1.9. Ленин и политика единого рабочего фронта
После неудачи «мартовской акции» германских коммунистов, которая завершилась не только большой кровью, но и внутренним расколом в КПГ, компартии в большинстве стран Европы были вынуждены перейти от наступления к обороне. Стало очевидно, что империалистическая война не переросла в мировую гражданскую, население даже побежденных стран в своей массе стремилось вернуться к старому доброму прошлому, не решаясь участвовать в рискованном строительстве «светлого будущего», к которому его призывали левые радикалы. Страх перед «красной угрозой» в большинстве европейских стран отошел на второй план, в сфере международных отношений, как отмечал Ленин на Третьем конгрессе Коминтерна, установилось неустойчивое, но все же равновесие между силами капитализма и социализма[166].
В самой России усилились позиции умеренных коммунистов, практиков государственного строительства, указывавших на то, что проведение его по марксистским прописям неизбежно заканчивается кризисами и катастрофами. В исторической литературе подробно и обстоятельно анализируется деятельность РКП(б) в рамках «военного коммунизма»[167], однако в тени остается ее попытка на рубеже 1920–1921 годов создания коммунизма гражданского, т. е. безрыночной экономической системы при жесткой авторитарной власти, которая напоминала утопии казарменного социализма, предлагавшиеся еще Платоном и Кампанеллой. Поворот к нэпу был неизбежным «шагом назад», горьким признанием несбыточности надежд на одномоментный рывок к коммунизму.
Советская Россия не только вступила в период (достаточно кратковременный) разумных реформ, но и встала на путь урегулирования своих отношений с внешним миром. Большевики уже не казались экзотичной группой почти религиозных фанатиков, отрицавших все ценности и нормы европейской цивилизации. Их поворот вправо в социально-экономической сфере породил надежды на «примирение» не только в правящих кругах европейских держав, но и среди лидеров международного социалистического движения.
Самокритичные нотки зазвучали и в среде российской эмиграции, Н. В. Устрялов так писал об этом в сборнике «Смена вех», увидевшем свет в 1921 году: «Причудливая диалектика истории неожиданно выдвинула Советскую власть с ее идеологией интернационала на роль национального фактора современной русской жизни, в то время как наш национализм, оставаясь непоколебленным в принципе, на практике потускнел и поблек, вследствие своих хронических альянсов и компромиссов с так называемыми „союзниками“»[168].
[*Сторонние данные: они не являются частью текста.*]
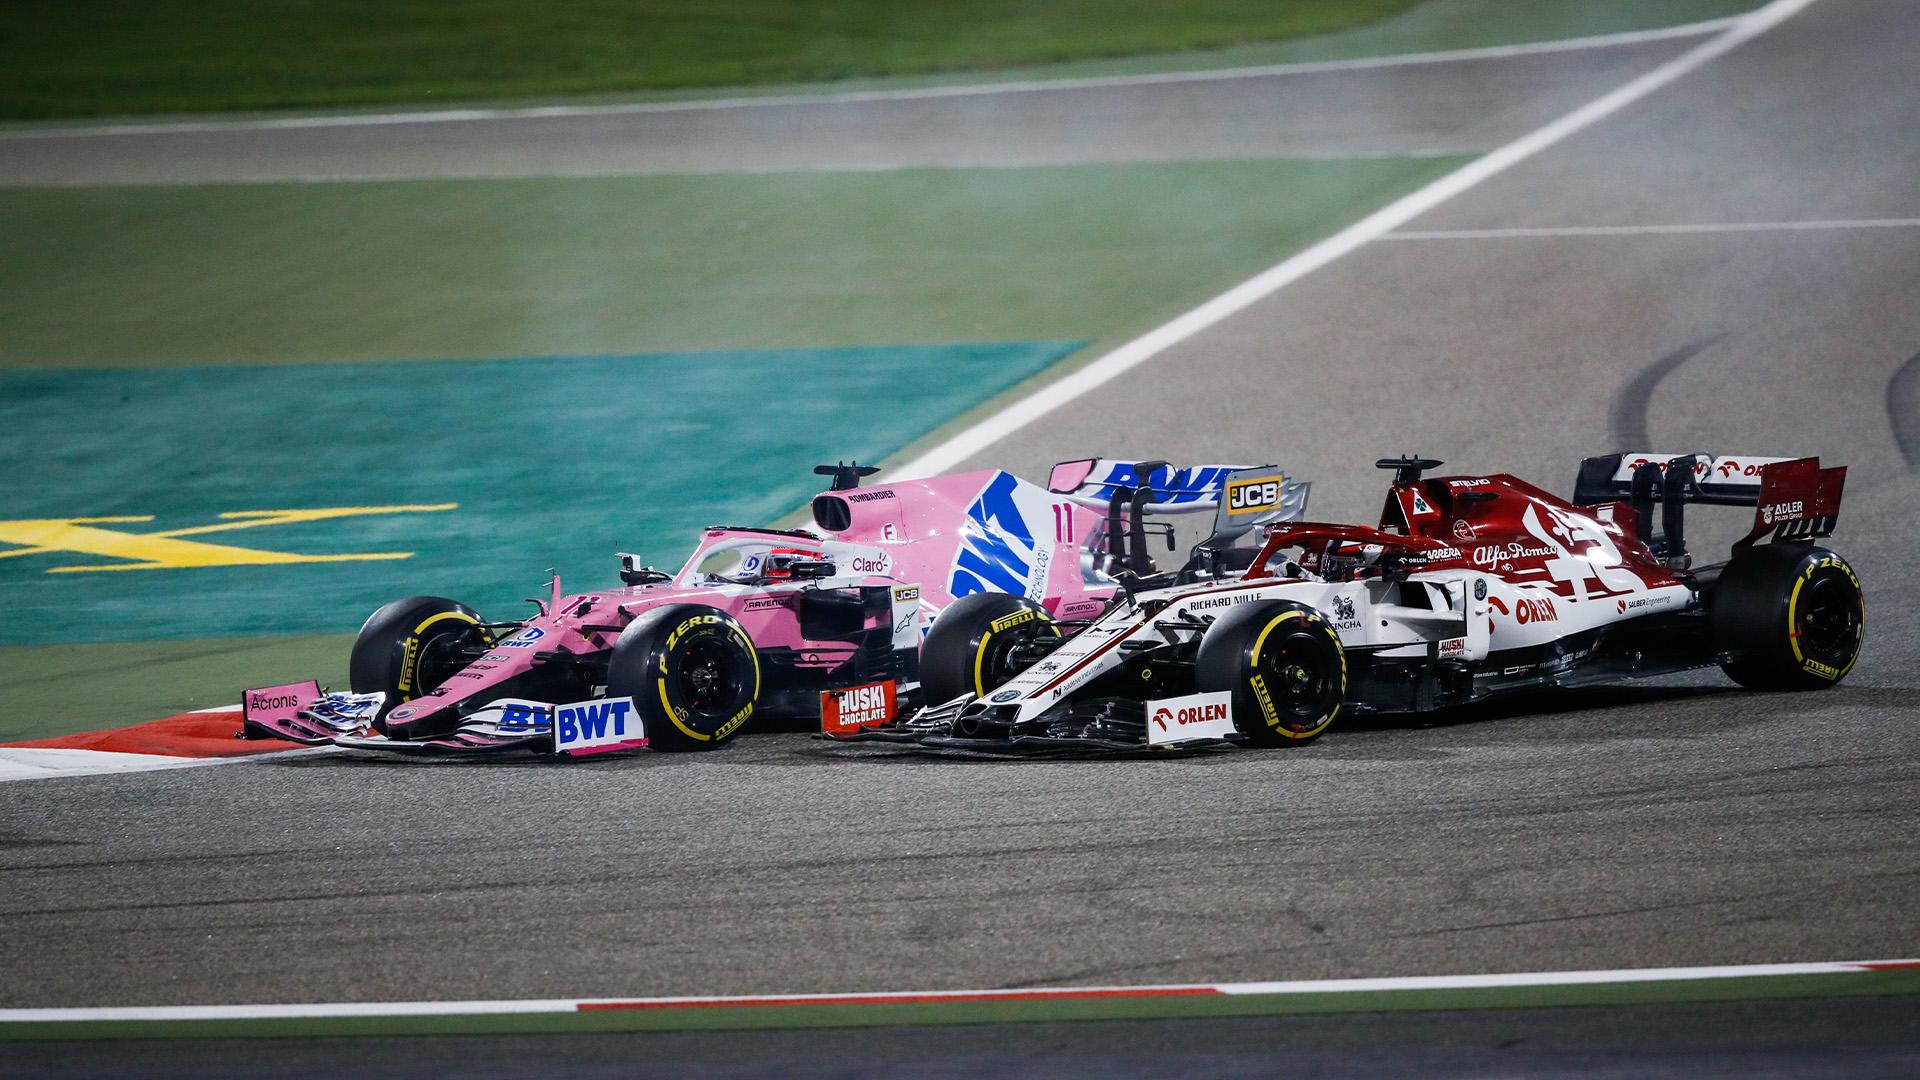 Carlos Sainz overtakes Kimi Taikkonen in the 2020 Sakhir Grand prix

Ленин и его соратники отдавали себе отчет в том, насколько серьезные последствия повлечет за собой их отход от идеологической стерильности. Вспоминая французскую революцию, в партийном руководстве заговорили о превентивном «термидоре», о вынужденном характере временного отступления. Большевики уже однажды перехитрили страну, на словах согласившись с логикой безбрежного народного бунта, а на деле втиснув общество в жесткие рамки партийной диктатуры.
Вновь, как и весной 1918 года, лидеры РКП(б) признали необходимость «передышки». Вопрос о том, примут ли их зарубежные единомышленники столь резкий поворот от крайнего модернизма к традиционной архаике, ни в коем случае нельзя было считать предрешенным. Ленин еще за год до коминтерновского поворота сделал упреждающий выстрел в воздух, осудив «детскую болезнь левизны» в компартиях, хотя и предложил лишь терапевтические средства ее лечения.
На Третьем конгрессе Коминтерна Ленину и Троцкому пришлось убеждать своих зарубежных единомышленников в том, что поворот к нэпу и «примирению с капиталистическим окружением» служит временной мерой и не является предательством идеалов революционного марксизма. Получилось так, что на самом конгрессе оба партийных лидера стояли «на крайне правом фланге»[169]. Это создавало опасность раскола делегации РКП(б), ибо позиции левых разделяли Бухарин и, более сдержанно, Зиновьев. По воспоминаниям Троцкого, «Ленин взял на себя инициативу создания головки новой фракции для борьбы против сильной тогда ультралевизны, и на наших узких совещаниях Ленин ребром ставил вопрос о том, какими путями повести дальнейшую борьбу, если III конгресс займет бухаринскую позицию»[170].